One of the most innovative parts of the new HoloLens UI was how natural and intuitive it all felt. In addition to moving, rotating and generally playing with objects, Microsoft also introduced a range of navigation and other UI controls that again felt natural. This allows users to focus on the content and enjoy a more immersive experience.

Eye tracking features were no less impressive as some MWC 2019 attendees were amazed at how it intuitively seemed to know where you were looking and what your intent was. If you a user was reading a document or webpage and reached the bottom of the window, the page would scroll automatically and seamlessly. Was the HoloLens 2 reading the minds of the people it sat upon? Don’t worry, there’s no evil sorcery nor is there a ghost in this machine, just old olf fashion cutting-edge design.

Voice commands appear to be sharp, responsive and were designed for more specific interactions. In the demo, it was shown that windows can become sticky and speech can be transcribed into messages. Developers will surely take full advantage of the range of voice commands possible to further enrich a mixed reality experience.

Design and Comfort

There are several notable improvements on the original design, most notably, the new flip-up display. Users can now move in and out of reality using this handy feature. The HoloLens 2 weighs in at 566 grams, slightly lighter than the previous design. The balanced, light-weight design is achieved with a carbon fiber construction. Microsoft studied the shapes and sizes of people heads and accommodated for folks with glasses in this newest version. It all fits snug on your head like a futuristic baseball cap.

The HoloLens 2, Side View
The HoloLens 2 | Side View

The HoloLens 2 will depend on Wi-fi networks like the previous design for connectivity and the average battery life is estimated at 3 to 4 hours. You’ll be working like Tony Stark and if Microsoft has it’s way, completing your TPS cover sheets in glorious mixed reality.

Consumer VS Enterprise

The HoloLens 2 contains some Enterprise hardware, at an Enterprise price. We’re still not at a point where this sort of thing is available for the average Joe but that’s not exactly the target market here.

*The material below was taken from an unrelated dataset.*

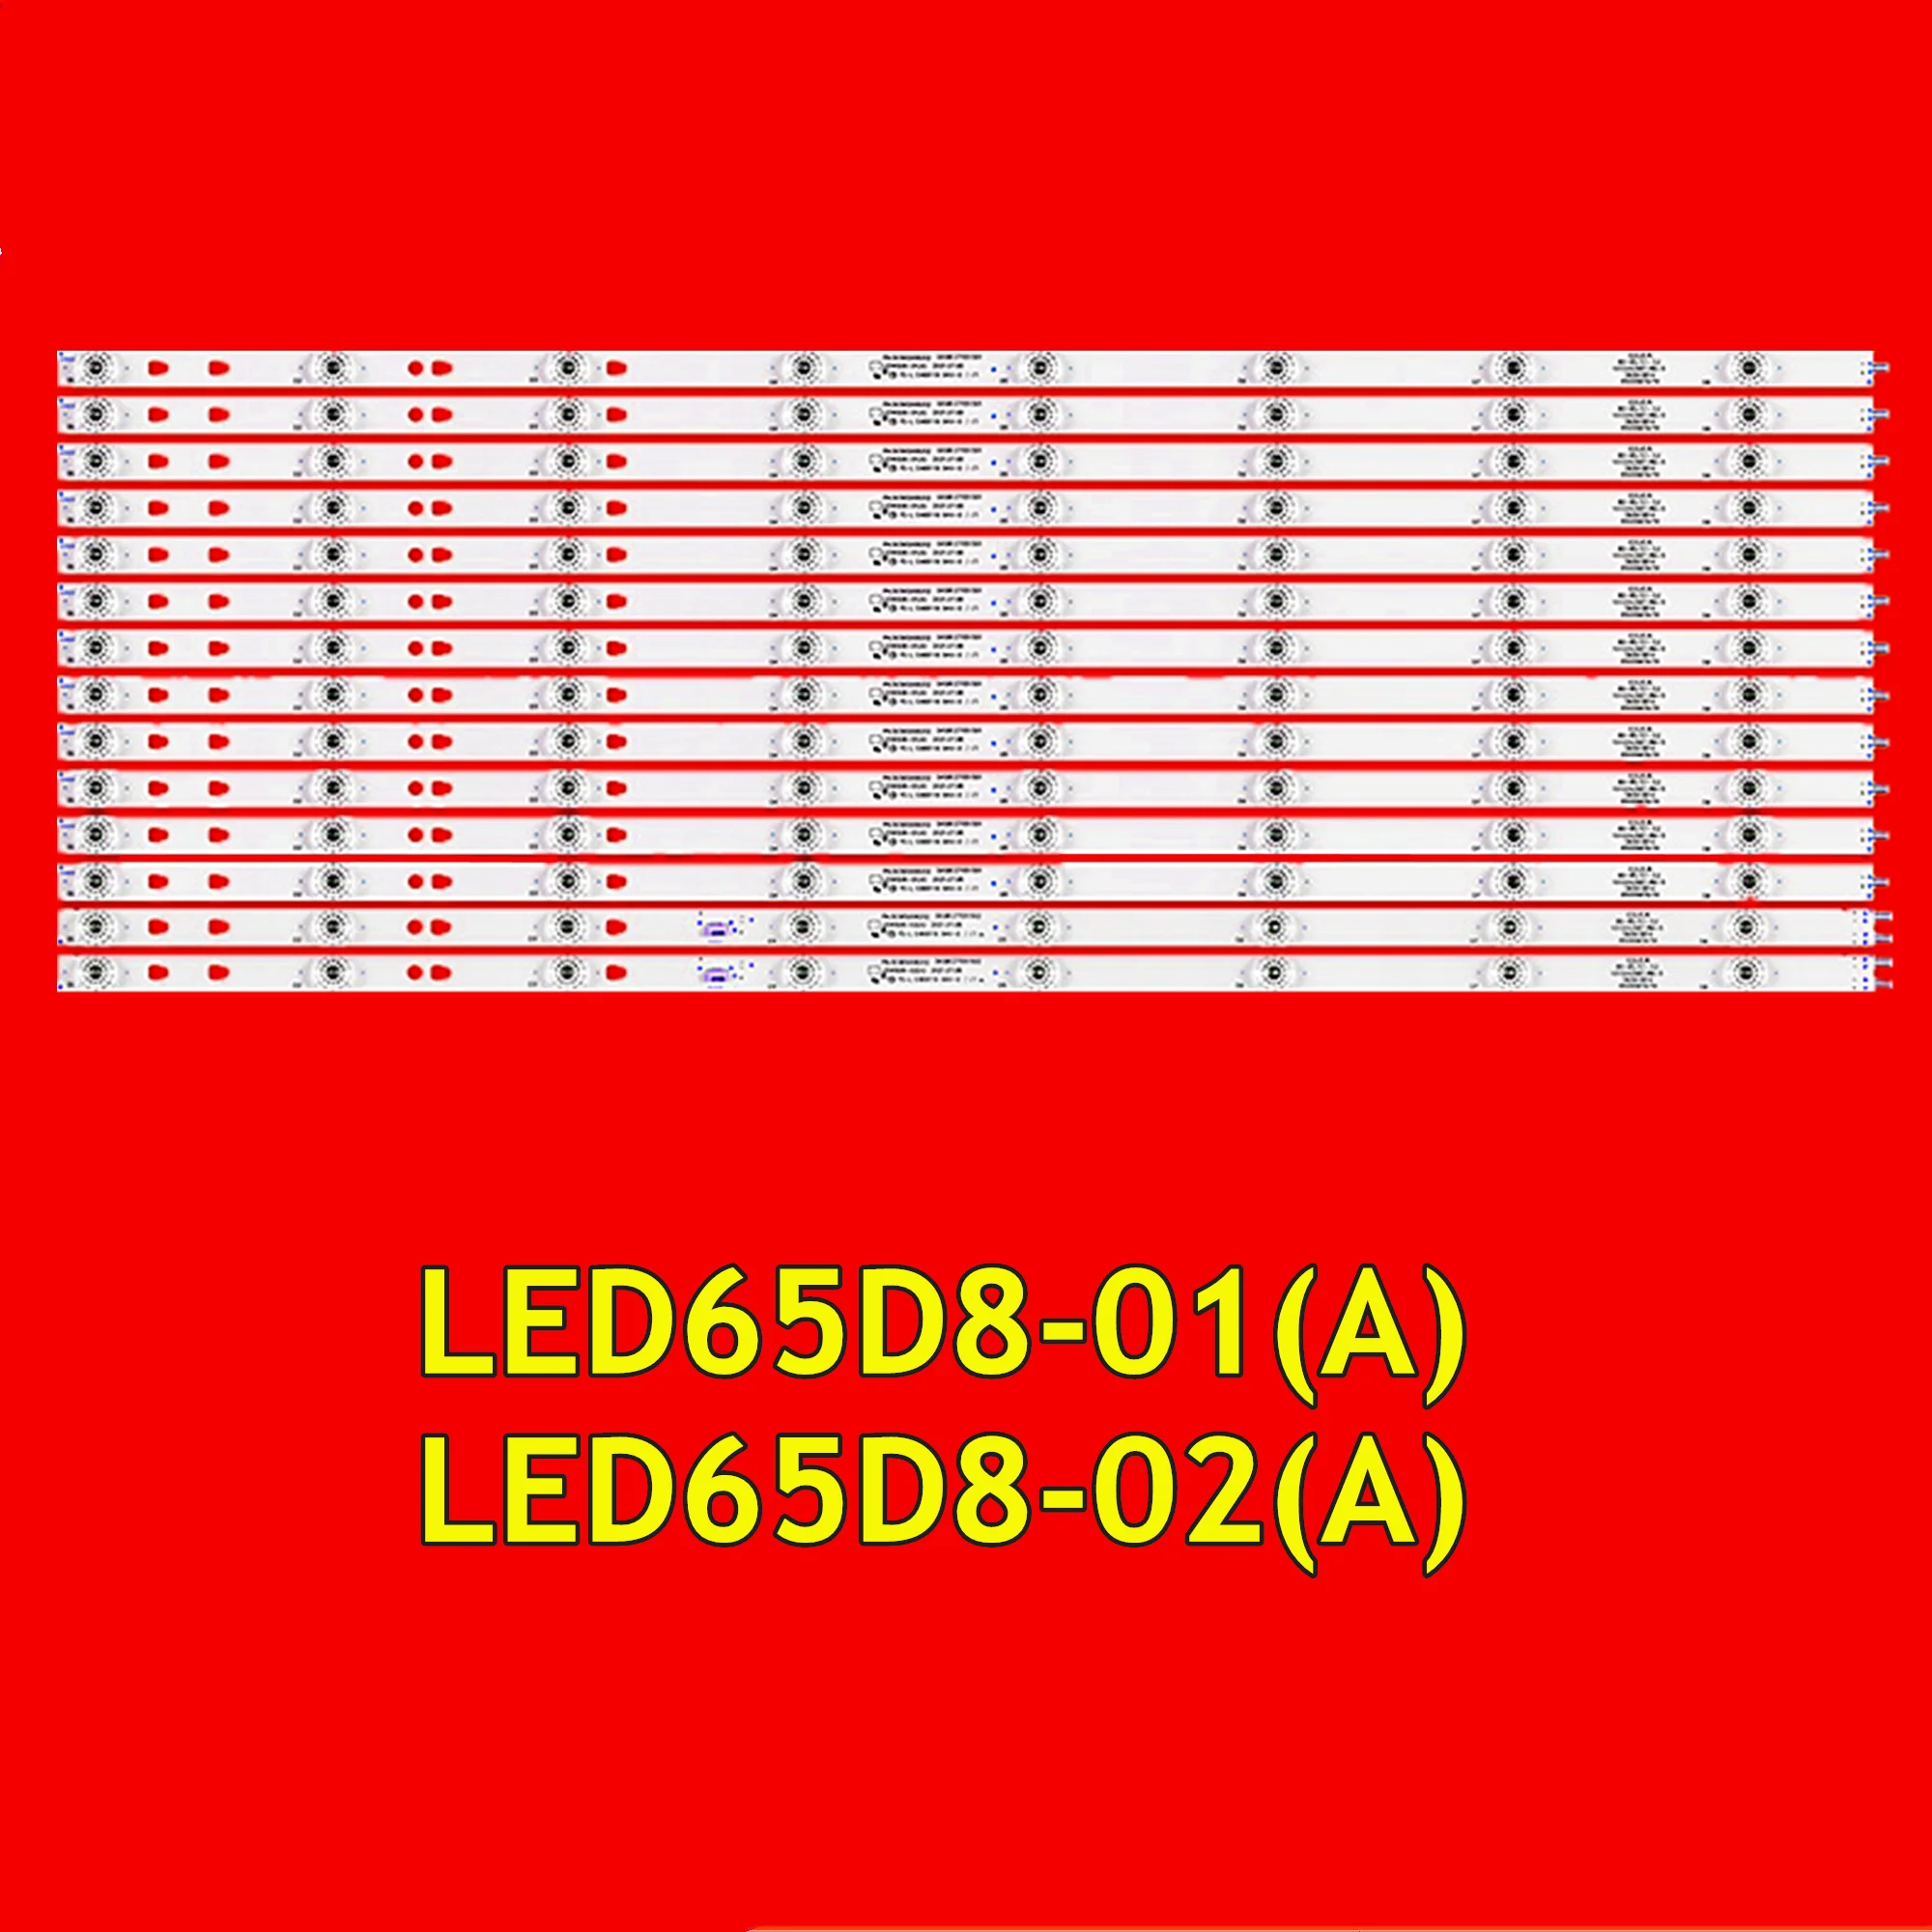 LED TV Ʈ Ʈ, LQ65H31G, LQ65H31, LSC650FN05, 30365008202 LED65D8-01(A), LED65D8-02(A), 16

The easy-to-use and intuitive UI combined with a stunning field of view make the newest addition to the HoloLens family a real powerhouse. Considering the high initial price tag and monthly service fees, the HoloLens 2 was clearly not made for general consumers but that does not diminish its impact.

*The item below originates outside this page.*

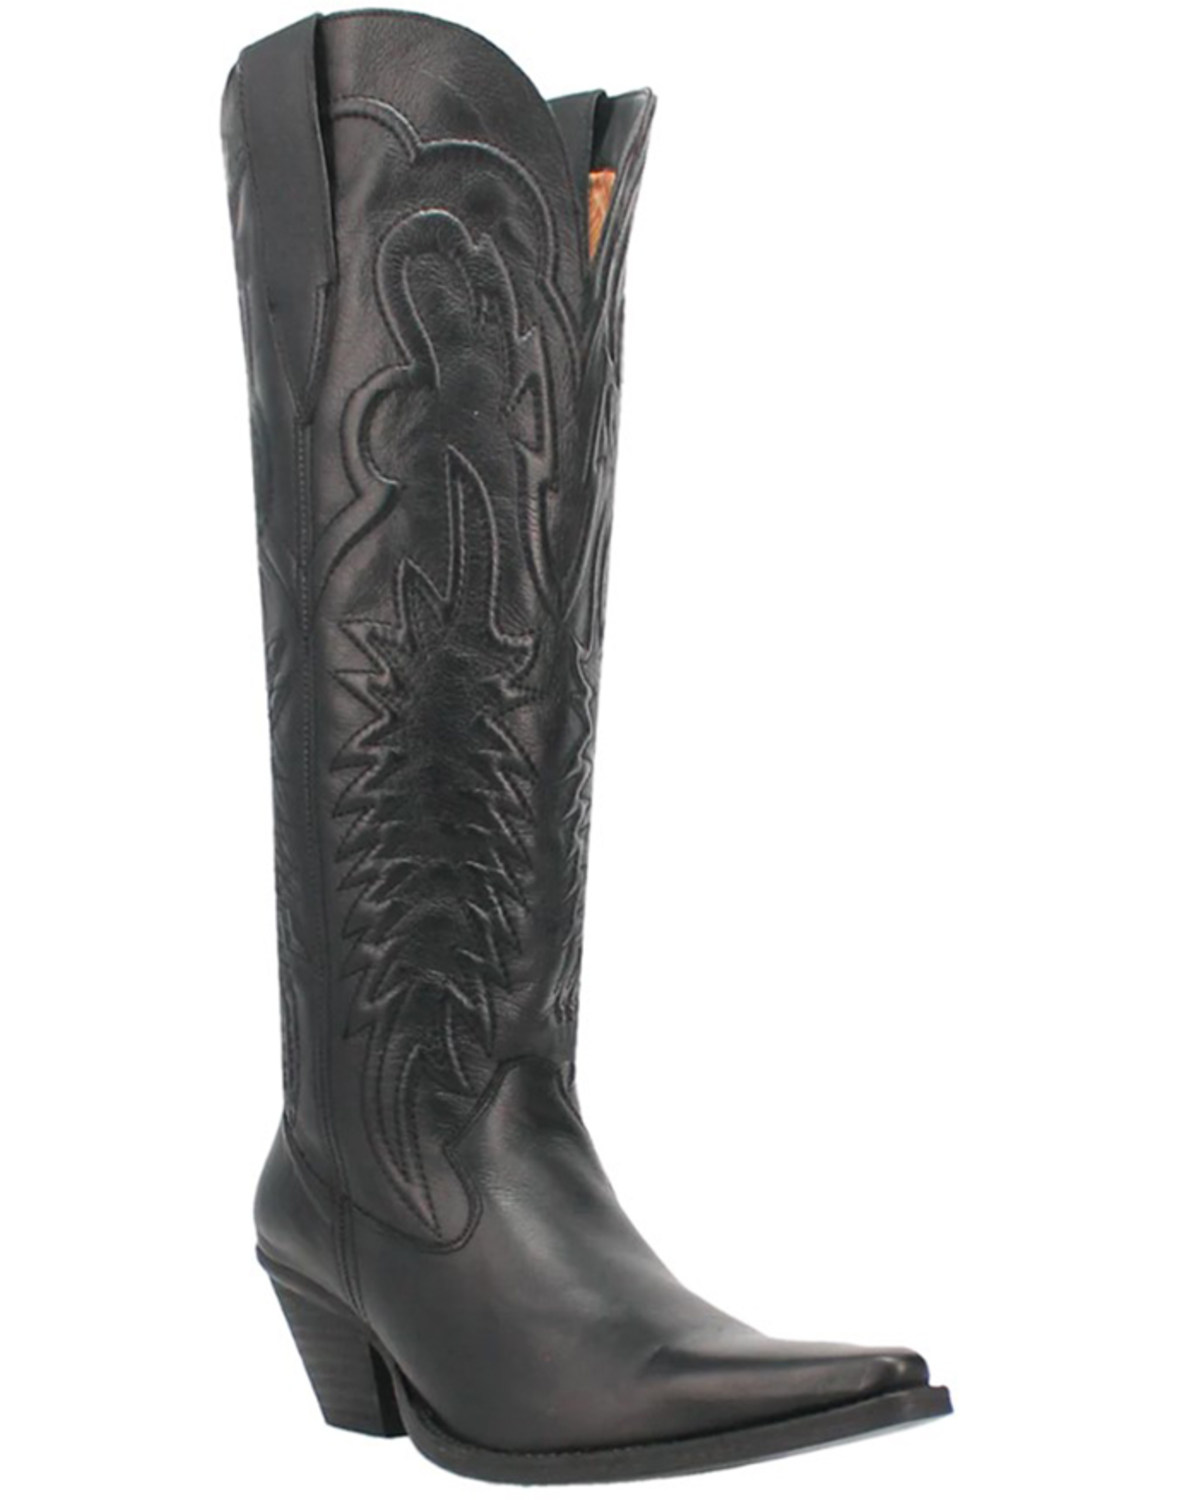 Dingo Women's Raisin Kane Tall Western Boots

Several featured available at launch are geared towards businesses and organizations. A protected login option uses the eye tracking functionality to perform iris recognition which is ideal for high-security sectors, military, and government. The HoloLens Customization Program, Dynamics Guide 365 and future integration with the Azure cloud service all give companies more choice over how they utilize the HoloLens system.

HoloLens 2 for Enterprise
HoloLens 2 for Enterprise

Microsoft is taking a very open stance on mixed reality development with an open app store, open web browser and an open API. There’s hope that the collaborative efforts from other leaders in the space will lead to something special. Our bet is, it will.

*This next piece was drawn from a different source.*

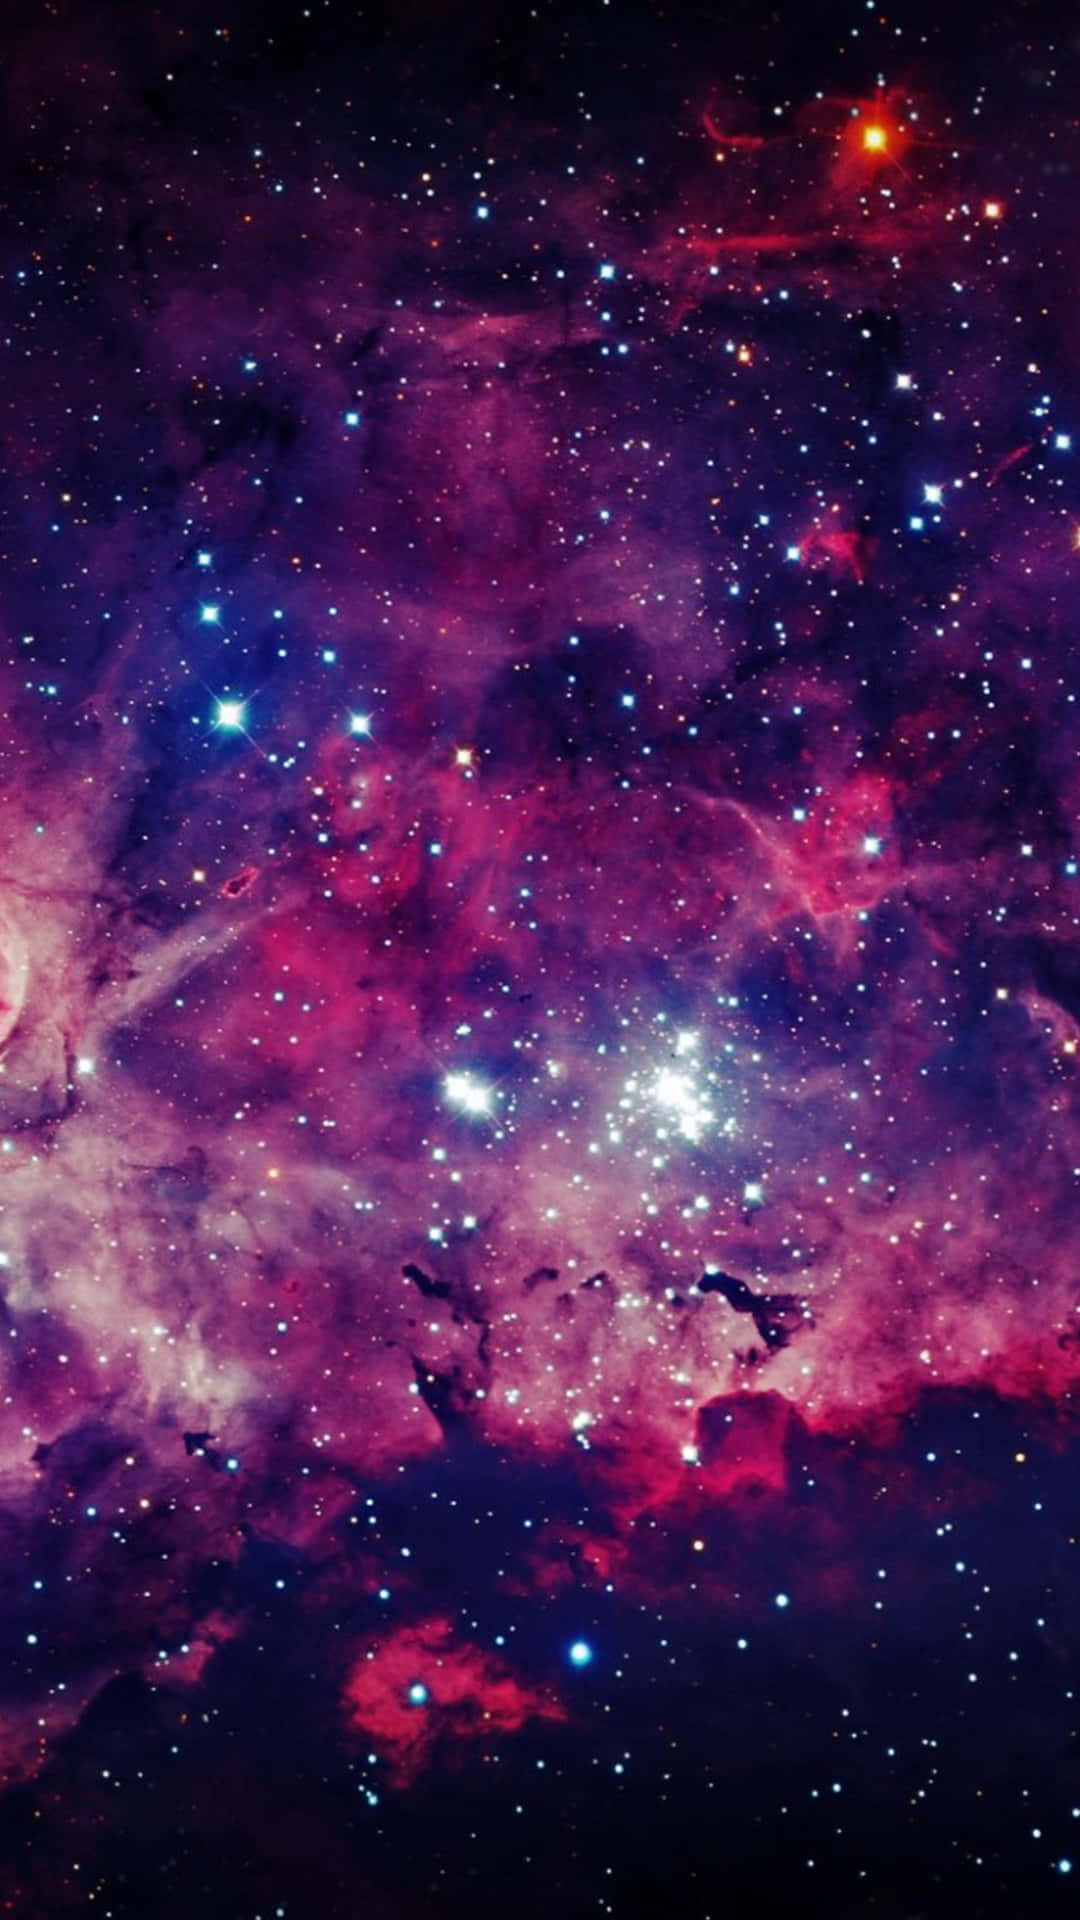 Udforsk Mysteriet af et Smukke Galakse Wallpaper

A New Generation of Mixed Reality

There’s no official release date for the HoloLens 2 but it is ready for preorder. You can get it for a one-time fee of $3500 and it’s currently unclear if a more cost-effective developer version will be available. This base price does not include many of the Enterprise support packages listed above. Make no mistakes, this is a big innovation and an exciting new tool for big business.

Augmented reality is shaping up to be THE platform of the future and today’s captains of industry have been awakened to its massive appeal and potential. The big question is, now that Microsoft has unleashed this technical blitz across the mixed reality landscape, what will Apple do?